McIntyre has written thousands of articles for 24/7 Wall St. He is an expert on corporate finance, the automotive industry, media companies and international finance. He has edited articles on national demographics, sports, personal income and travel.

His work has been quoted or mentioned in The New York Times, The Wall Street Journal, Los Angeles Times, The Washington Post, NBC News, Time, The New Yorker, HuffPost USA Today, Business Insider, Yahoo, AOL, MarketWatch, The Atlantic, Bloomberg, New York Post, Chicago Tribune, Forbes, The Guardian and many other major publications. McIntyre has been a guest on CNBC, the BBC and television and radio stations across the country.

A magna cum laude graduate of Harvard College, McIntyre also was president of The Harvard Advocate.

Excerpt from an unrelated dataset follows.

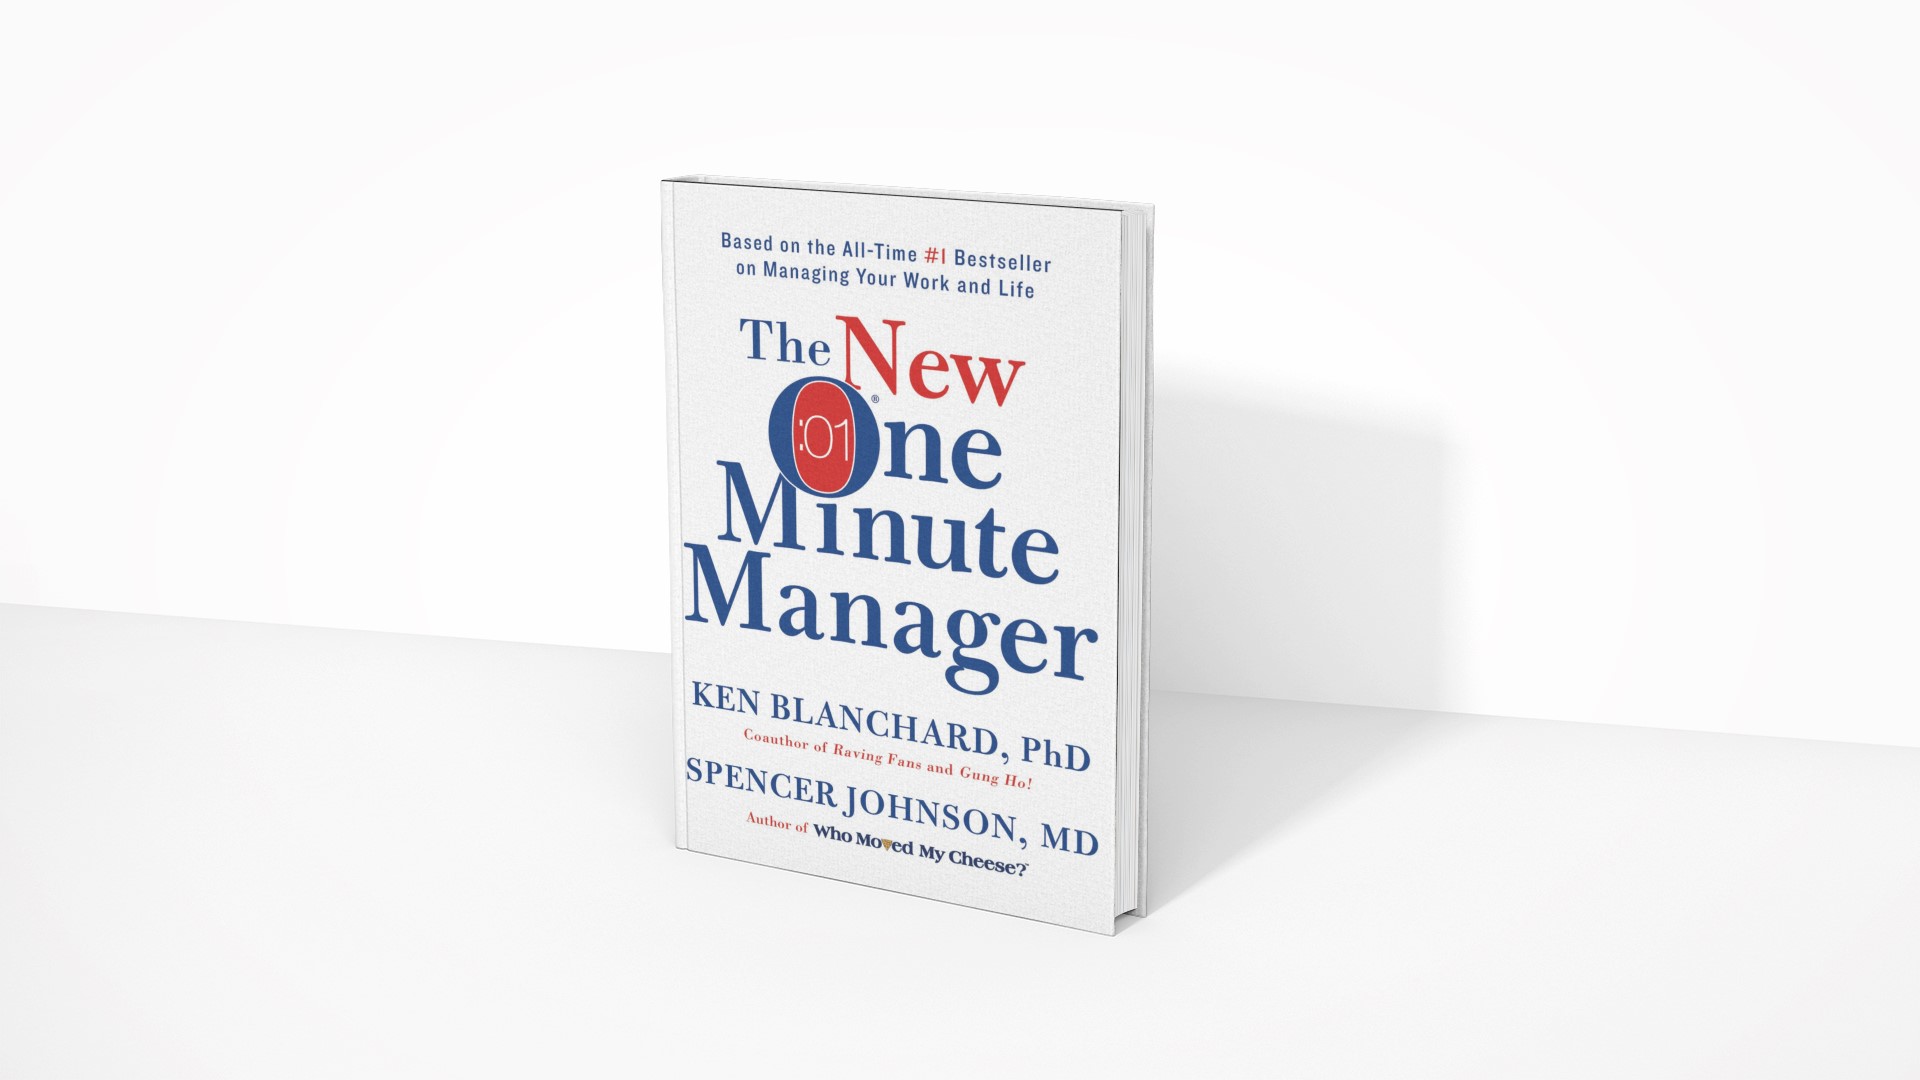 The One Minute Manager - Ken Blanchard and Spencer Johnson

Founded in 1866, the Advocate is the oldest college publication in the United States.

TheStreet.com, Comps.com and Edgar Online are some of the public companies for which McIntyre served on the board of directors. He was a Vicinity Corporation board member when the company was sold to Microsoft in 2002. He served on the audit committees of some of these companies.

McIntyre has been the CEO of FutureSource, a provider of trading terminals and news to commodities and futures traders. He was president of Switchboard, the online phone directory company. He served as chairman and CEO of On2 Technologies, the video compression company that provided video compression software for Adobe’s Flash. Google bought On2 in 2009.